The entire course is presented from a Protestant point of view where the King James Version is treated as authoritative. The course doesn’t simply describe what Christians believe (and a decent course would have to go farther, describing what Jews believe as well); instead, it acts as though what certain Protestant Christians believe about the Bible is Truth. The Bible is referred to as the “Word of God,” for example, biblical inerrancy is argued for, and the idea that America is a “Christian Nation” with laws based upon the Bible receives prominent attention.

A serious, objective, and scholarly course would treat many basic beliefs of fundamentalist and evangelical Christianity as dubious at best. Such a course would, for example, have to present information about the transmission and creation of the texts which would contradict teachings about the Bible being infallible and inerrant. This is why real courses on the Bible, Christianity, and religion generally do not appear in most schools and never will appear in most schools — despite the fact that students would probably benefit from them.

Knowledge, information, and research are essentially being suppressed in order to avoid offending certain Christians — exactly what some would like to see happen with evolution and, eventually, significant swaths of the rest of science.

Comments

April 30, 2007 at 4:25 pm
(1) Elaygee says:

Wait till they start teaching FSM as a religion. The Xtians will **** a brick

May 8, 2007 at 1:48 pm
(2) Thurwulf says:

I would love to teach a Bible course. All that sex and violence! I’d pick out all the stories that make “Desperate Housewives” look like “Sesame Street” and “Kill Bill” look like “Teletubbies”.
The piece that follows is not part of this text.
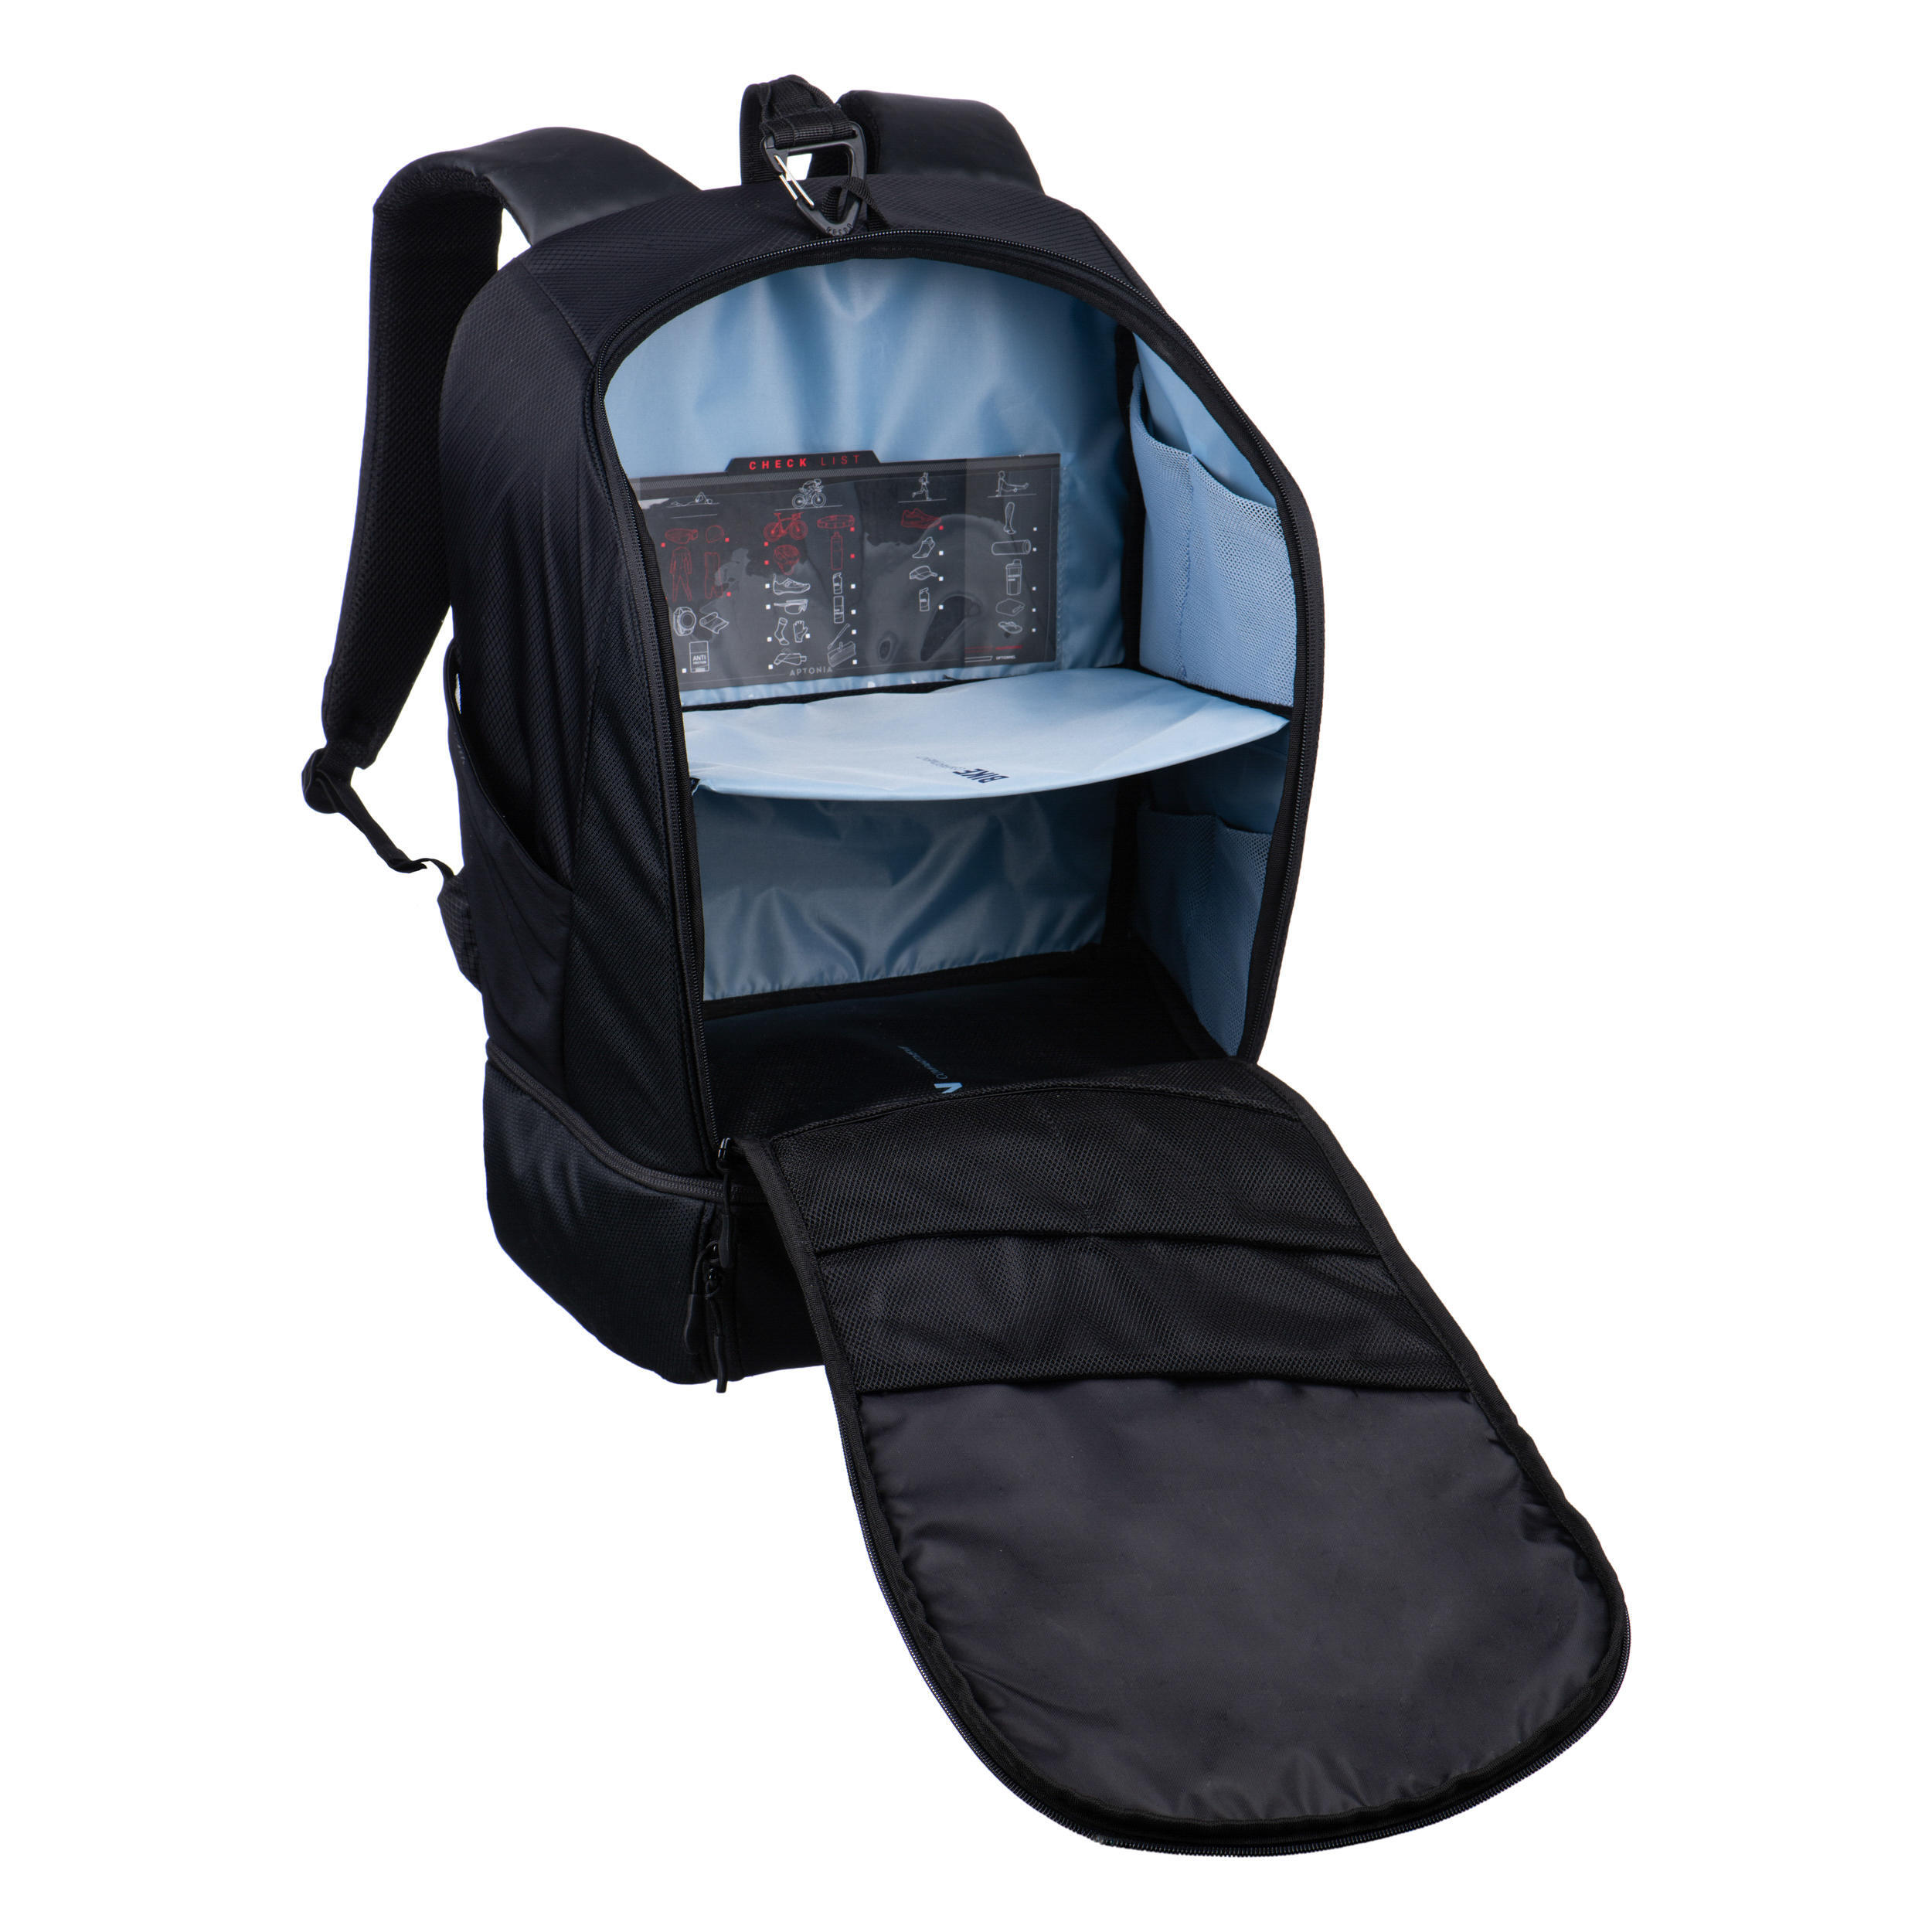 Aptonia Triathlon Transition Bag 35L - Black/Blue 2/10

Oh, and all those inconsistancies and contradictions! A sure-fire way to make someone embrace atheism is to make them read the ENTIRE BIBLE, not just “Bible Stories for Children”. It worked for me!

May 9, 2007 at 9:25 am
(3) GrandmaVickie says:

What will happen when history does not back the biblical claims? Bible thumpers are not interested in history.
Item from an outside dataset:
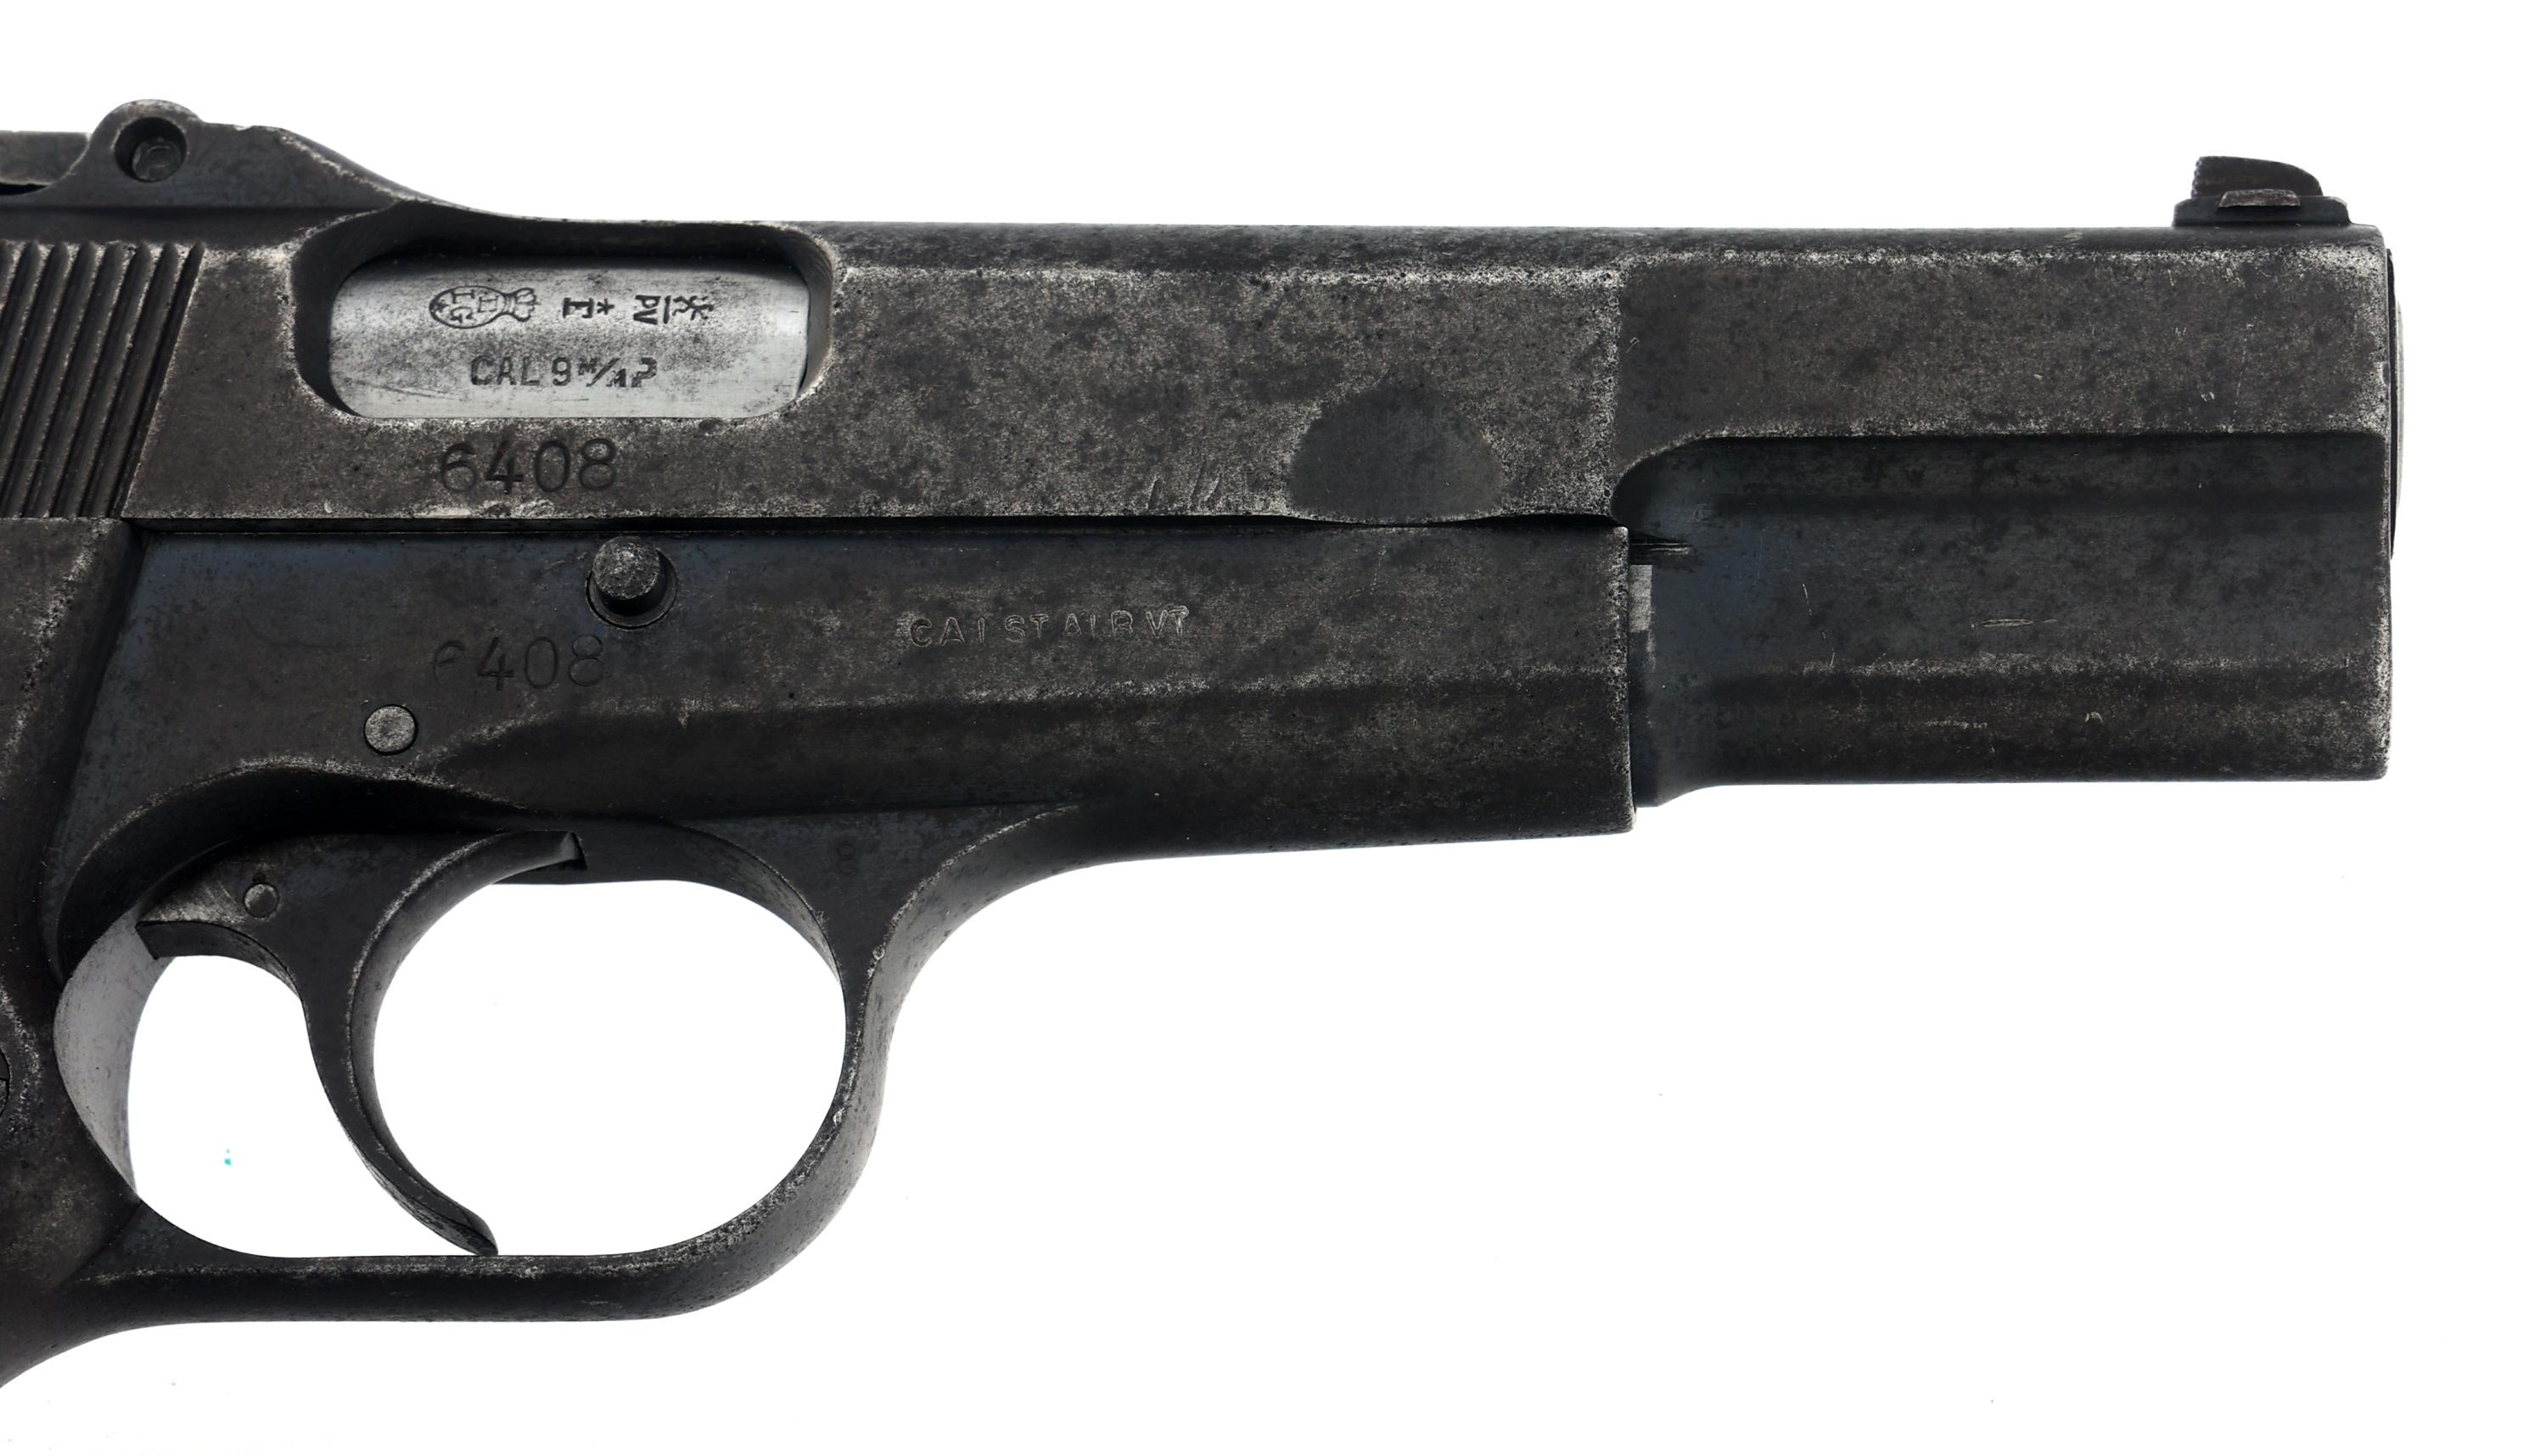 FN BROWNING MODEL HI POWER 9mm CALIBER PISTOL

A couple of Jehovah;s Witnesses came to my house one day with a magazine entitled “Archaeology and the bible”. I asked them what they did when archaeology did not back up the bible. They stated that when archaeology did not back the bible, they went with the bible. When archaeology backed the bible they went with archaeology. There you are, they really want the truth!

July 6, 2007 at 3:22 pm
(4) John Hanks says:

Truth is the worst of afflictions. Once you possess it above the provisional level, it turns around and pokes out your eyes.